Knowledge Graphs for RAG using Neo4j — chat with SEC data — Part 1

Arshdeep Kaur
8 min readMay 9, 2024

--

CHAT WITH SEC — PLAN OF ACTION

  1. We will work with a single 10-K form for a company called NetApp.
    (Sections/items 1, 1a, 7, 7a were extracted from the10-K file and converted to .json object. )
  2. Split form sections (i.e. items: 1, 1a, 7, 7a) into chunks using a Langchain text splitter.
  3. Create a graph where each chunk is a node. Add chunk metadata as properties.
  4. Create a vector index.
  5. Create a text embedding vector for each chunk and populate the index.
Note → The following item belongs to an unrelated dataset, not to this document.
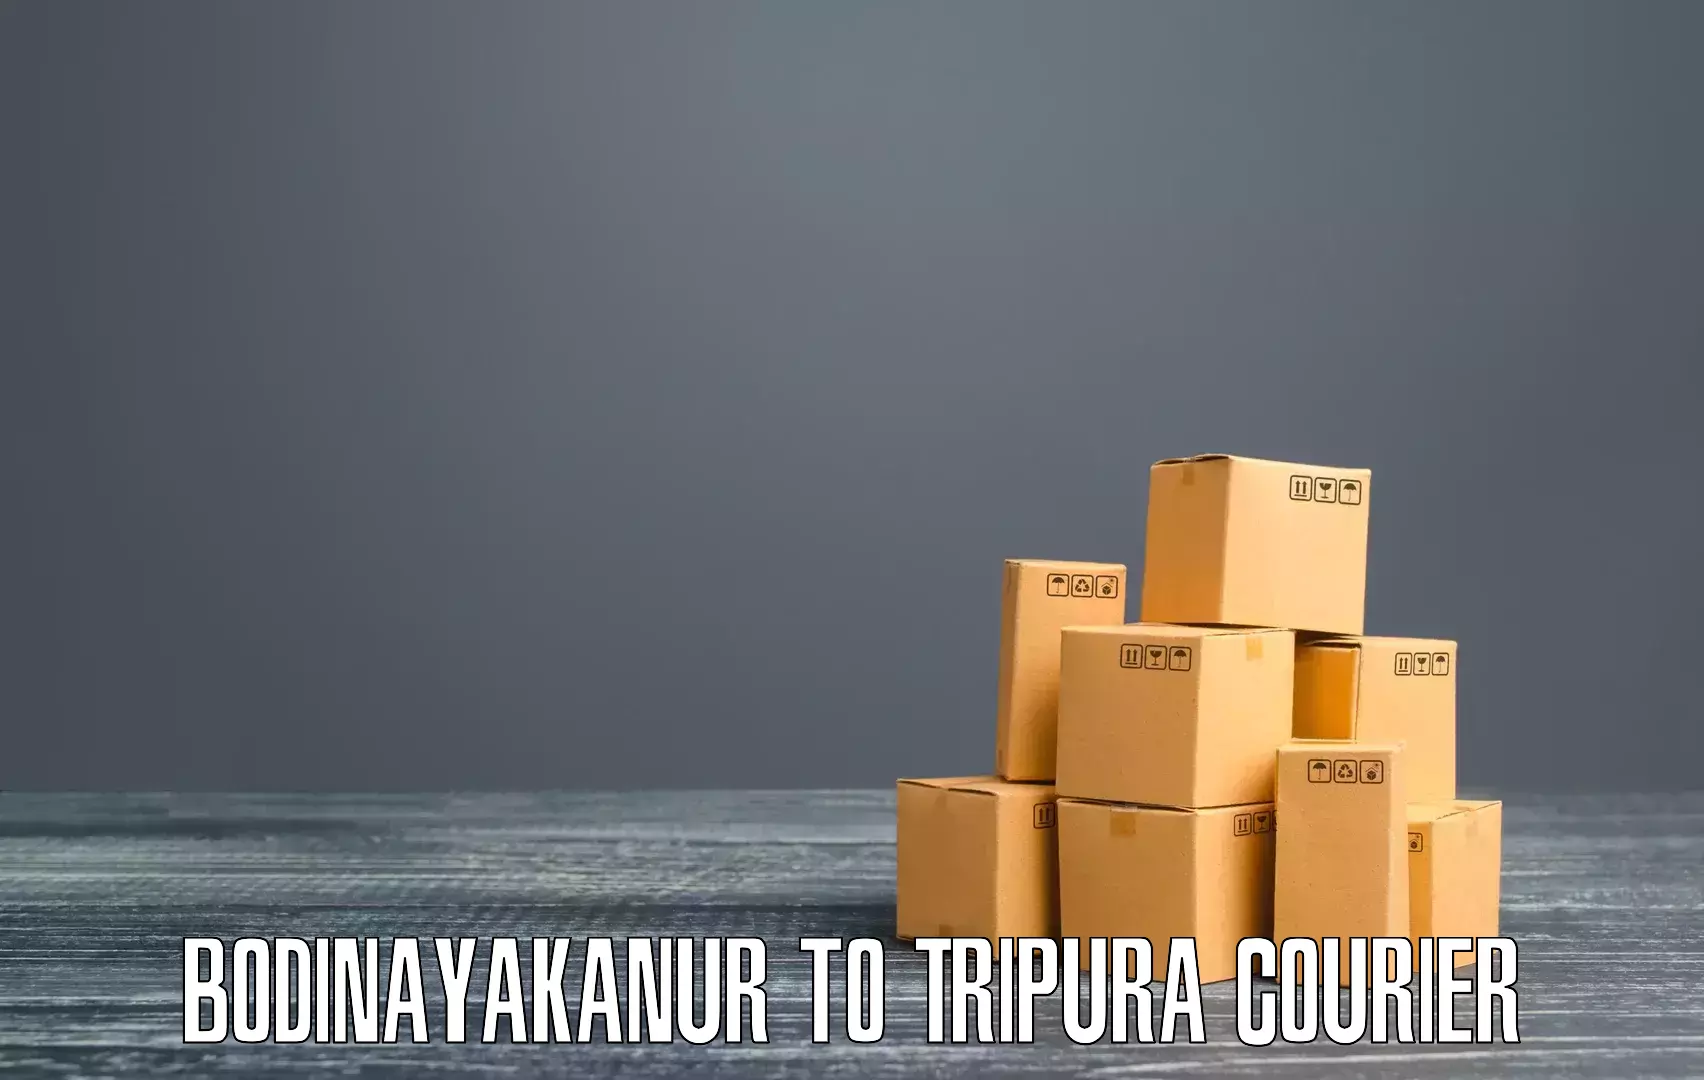 High-priority parcel service Bodinayakanur to Tripura

CONSTRUCTING A KNOWLEDGE GRAPH FROM TEXT

  1. For each specified item (section) in the Form 10-K filing (item1, item1a, item7, item7a), the function performs the following steps:
  • Retrieves the text data for the item from the JSON object.
  • Splits the text data into chunks using a text_splitter.split_text() function.
  • Initializes a sequence ID (chunk_seq_id) for the chunks.
  • Iterates through the first 20 chunks of the item’s text data. (We limit the number of chunks in each section to 20 to speed things up.)
  • Constructs a dictionary representing each chunk along with its associated metadata.
  • To summarize: each item (‘item1’ ’item1a’ ’item7' ’item7a') is split into 20 chunks of 2000 characters each and assigned a unique chunkId. I.e. a chunkId is uniquely identified by form_id, item, chunk_seq_id within the item.
def split_form10k_data_from_file(file):
chunks_with_metadata = [] # use this to accumlate chunk records
file_as_object = json.load(open(file)) # open the json file
for item in ['item1','item1a','item7','item7a']: # pull these keys from the json
print(f'Processing {item} from {file}')
item_text = file_as_object[item] # grab the text of the item
item_text_chunks = text_splitter.split_text(item_text) # split the text into chunks
chunk_seq_id = 0
for chunk in item_text_chunks[:20]: # only take the first 20 chunks
form_id = file[file.rindex('/') + 1:file.rindex('.')] # extract form id from file name
# finally, construct a record with metadata and the chunk text
chunks_with_metadata.append({
'text': chunk,
# metadata from looping...
'f10kItem': item,
'chunkSeqId': chunk_seq_id,
# constructed metadata...
'formId': f'{form_id}', # pulled from the filename
'chunkId': f'{form_id}-{item}-chunk{chunk_seq_id:04d}',
# metadata from file...
'names': file_as_object['names'],
'cik': file_as_object['cik'],
'cusip6': file_as_object['cusip6'],
'source': file_as_object['source'],
})
chunk_seq_id += 1
print(f'\tSplit into {chunk_seq_id} chunks')
return chunks_with_metadata

2. Next, we create (upsert: update/insert i.e. if the match fails) graph nodes using chunks.

merge_chunk_node_query = """
MERGE(mergedChunk:Chunk {chunkId: $chunkParam.chunkId})
ON CREATE SET
mergedChunk.names = $chunkParam.names,
mergedChunk.formId = $chunkParam.formId,
mergedChunk.cik = $chunkParam.cik,
mergedChunk.cusip6 = $chunkParam.cusip6,
mergedChunk.source = $chunkParam.source,
mergedChunk.f10kItem = $chunkParam.f10kItem,
mergedChunk.chunkSeqId = $chunkParam.chunkSeqId,
mergedChunk.text = $chunkParam.text
RETURN mergedChunk
"""

3. Loop through the chunks and call function: merge_chunk_node_query, and create nodes.

node_count = 0
for chunk in first_file_chunks:
print(f"Creating `:Chunk` node for chunk ID {chunk['chunkId']}")
kg.query(merge_chunk_node_query,
params={
'chunkParam': chunk
})
node_count += 1
print(f"Created {node_count} nodes")

4. 23 nodes get created for thesechunkIds:

  • 20 nodes for item1: 0000950170–23–027948-item1-chunk0000— — 0000950170–23–027948-item1-chunk0019
  • 1 node for each of the other items item1a, item7, item7a:
    0000950170–23–027948-item1a-chunk0000, 0000950170–23–027948-item7-chunk0000, 0000950170–23–027948-item7a-chunk0000.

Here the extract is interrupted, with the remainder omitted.